### Problem description
Leave out every picture, and restate word for word only the lines from the one containing "Sanyo HF15000L owner" through the end of the material.

### Information shown

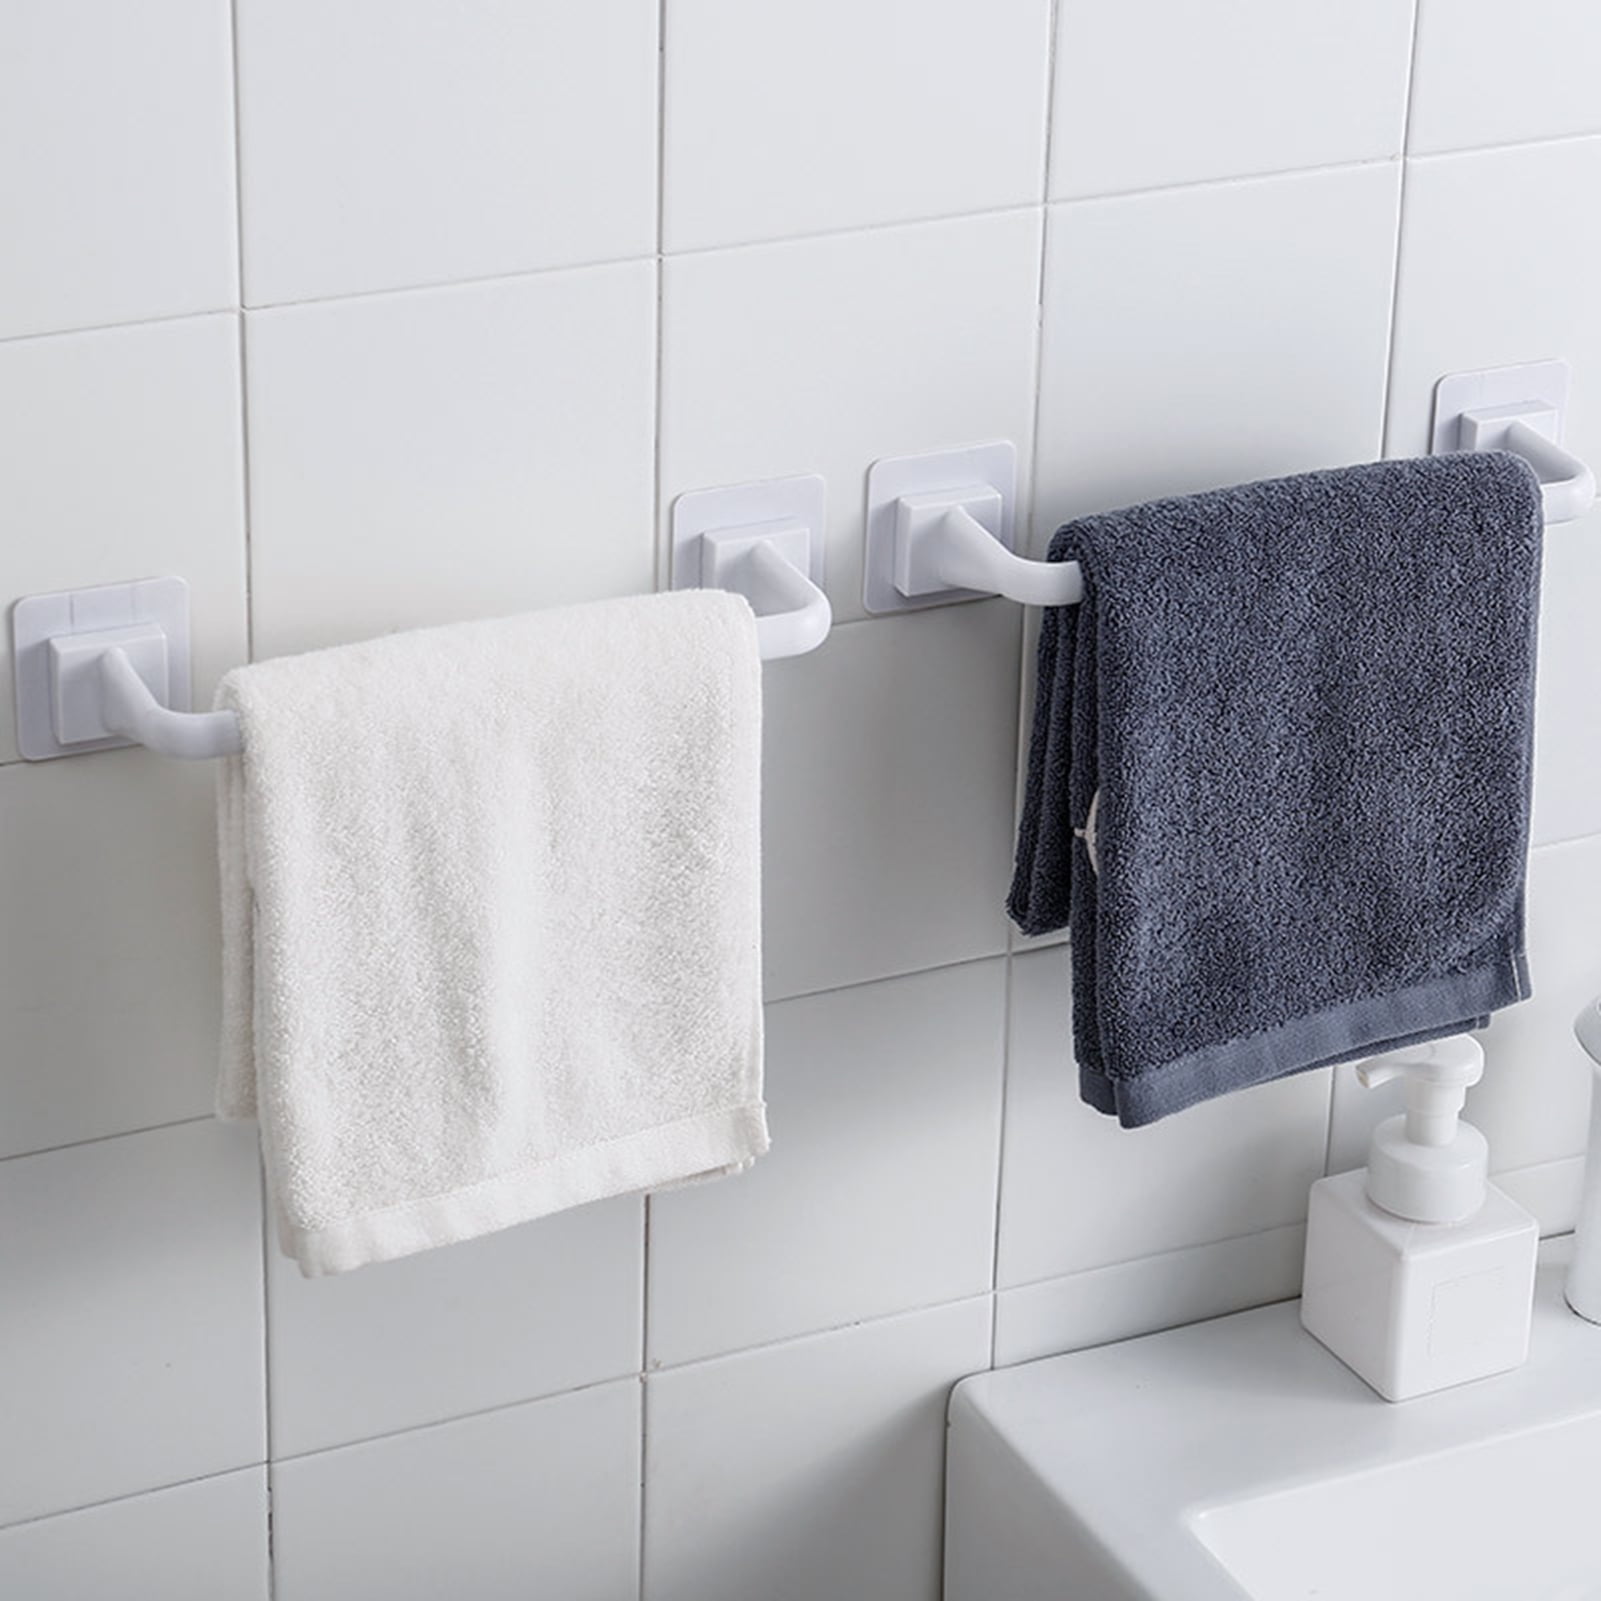 Floridivy Self Adhesive Towel Rod Towel Bar Stick on towel rack,Adhesive towel stick,Adhesive Wall Bath Towel Holder Rail Rack Kitchen Bathroom
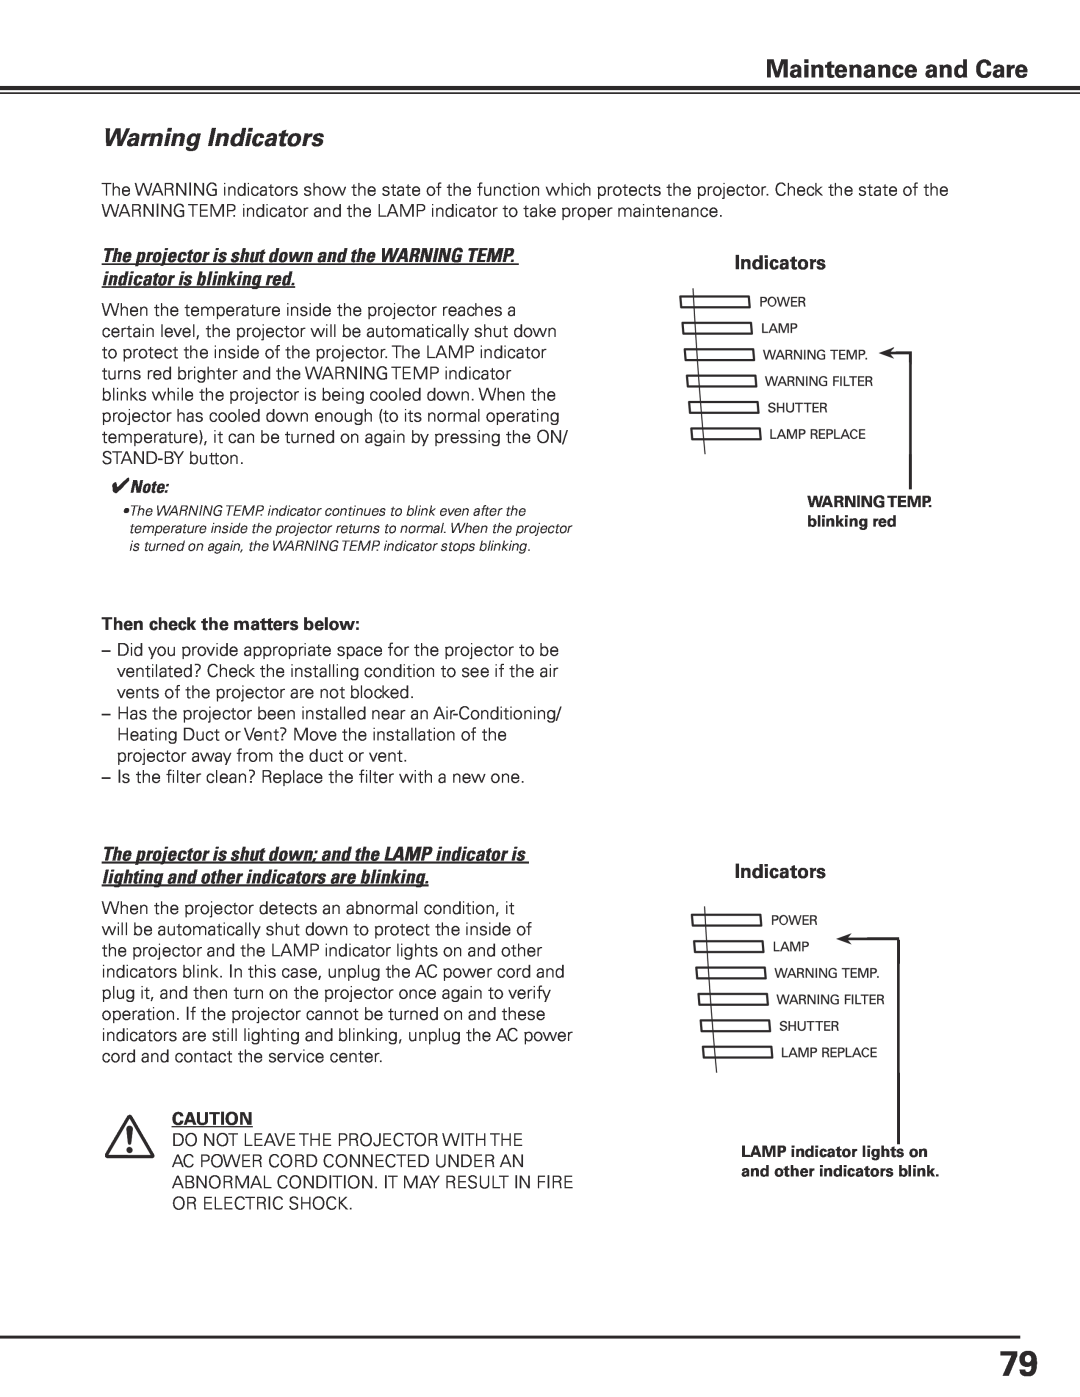 Sanyo HF15000L owner manual Warning Indicators, Maintenance and Care, Then check the matters below 
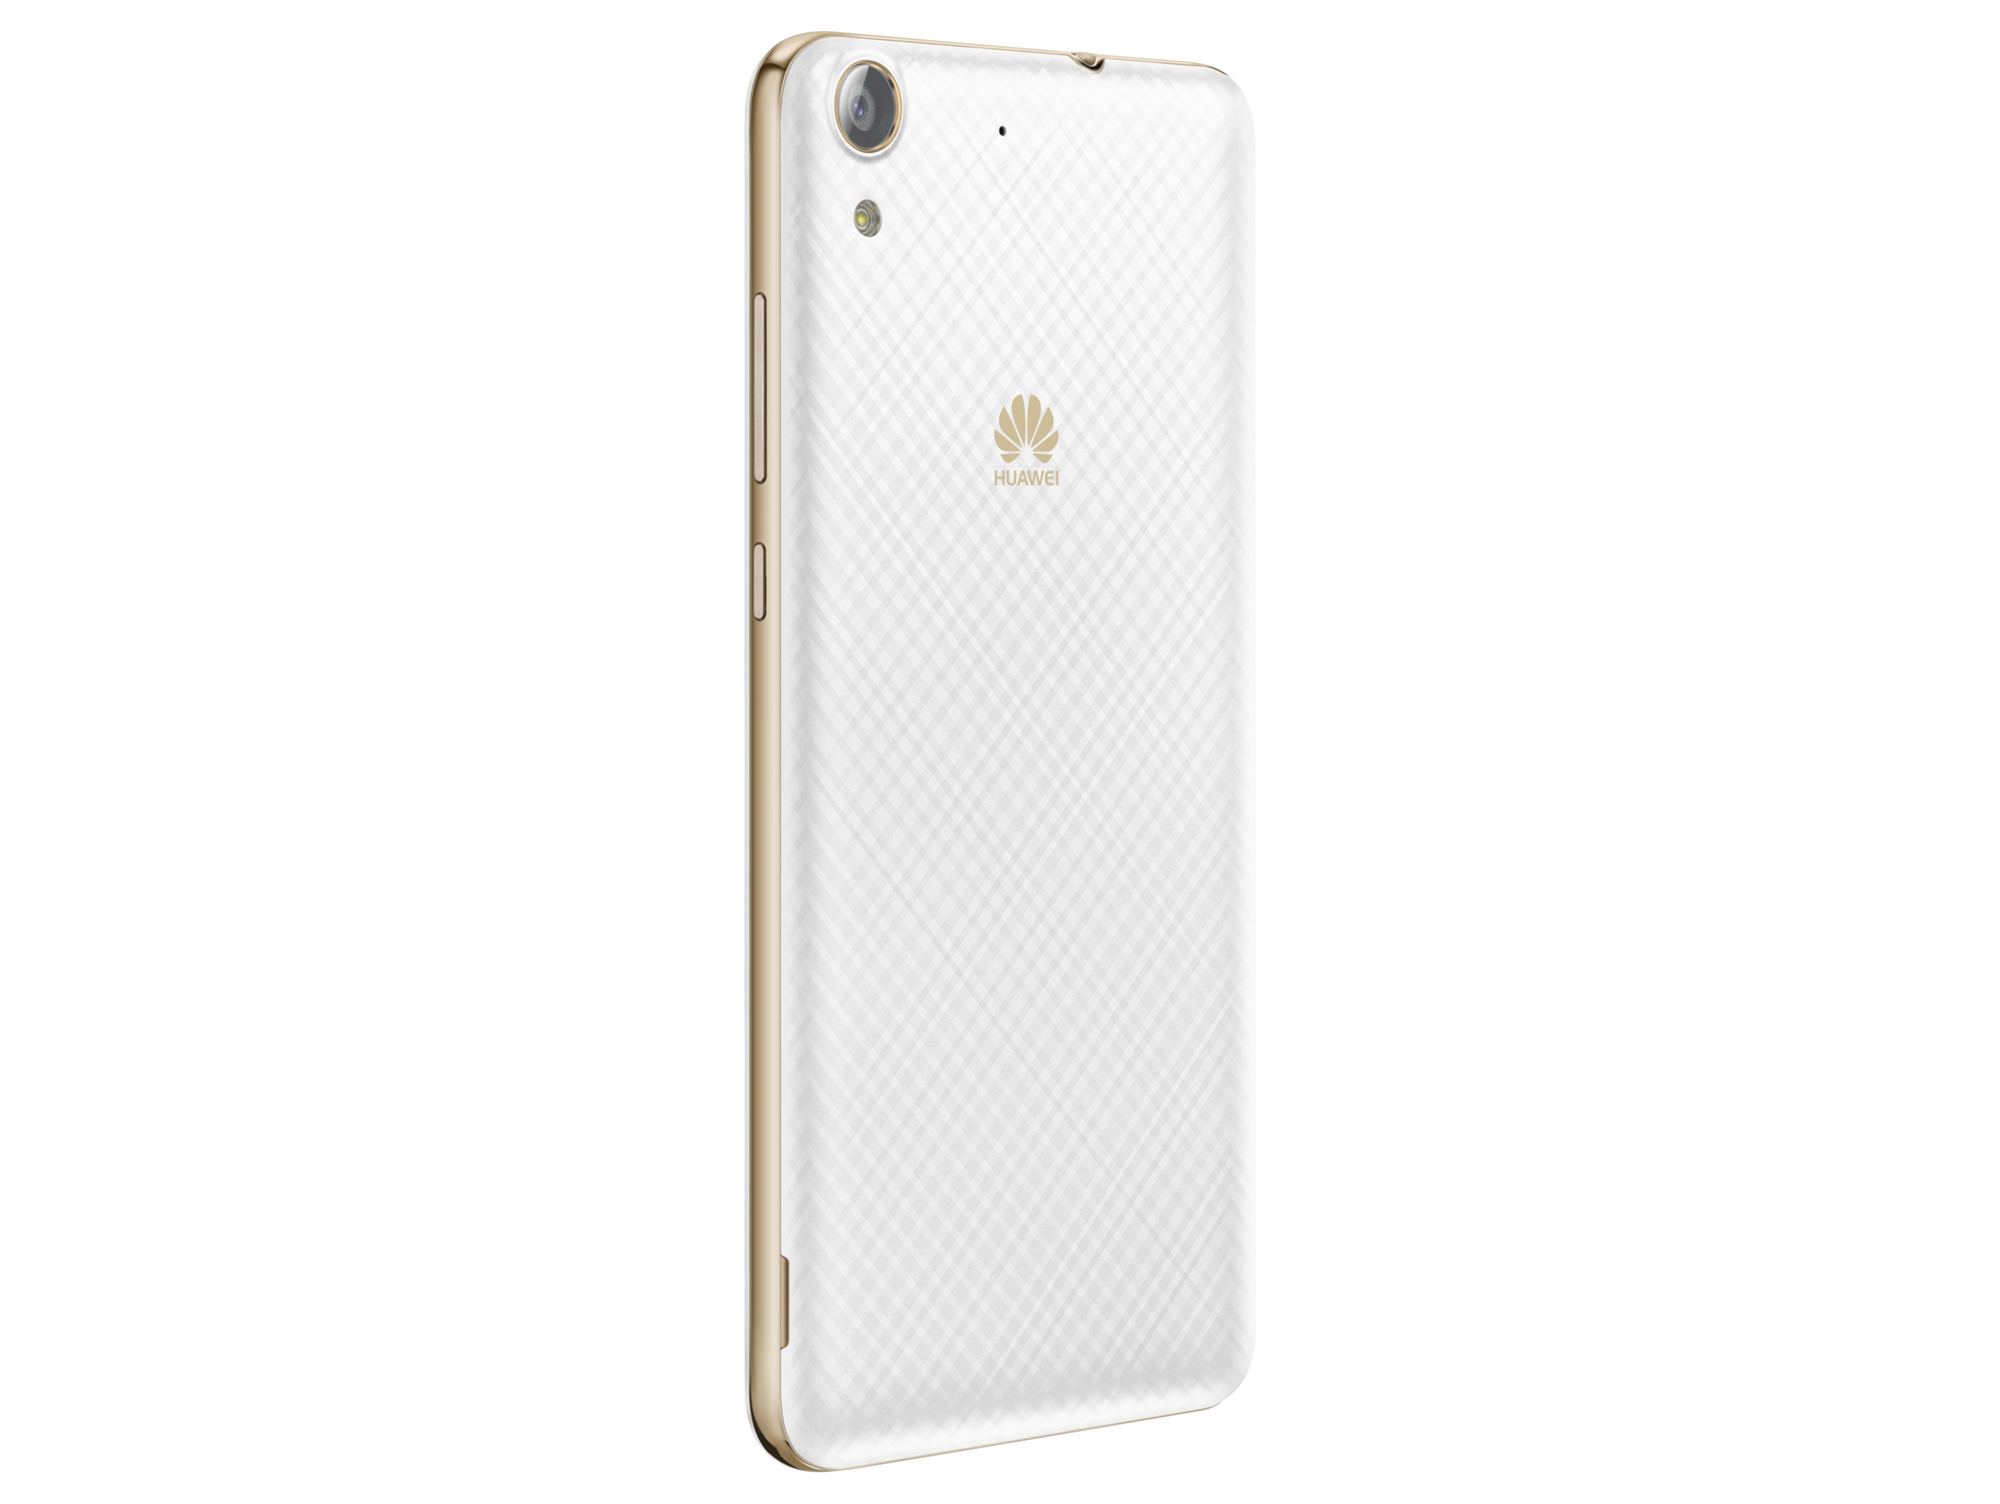 Rezumar triunfante vacío Smartphone HUAWEI Y6 II 5.5'' 16GB blanco

### Response for this exercise
 Sanyo HF15000L owner manual Warning Indicators, Maintenance and Care, Then check the matters below 
 Rezumar triunfante vacío Smartphone HUAWEI Y6 II 5.5'' 16GB blanco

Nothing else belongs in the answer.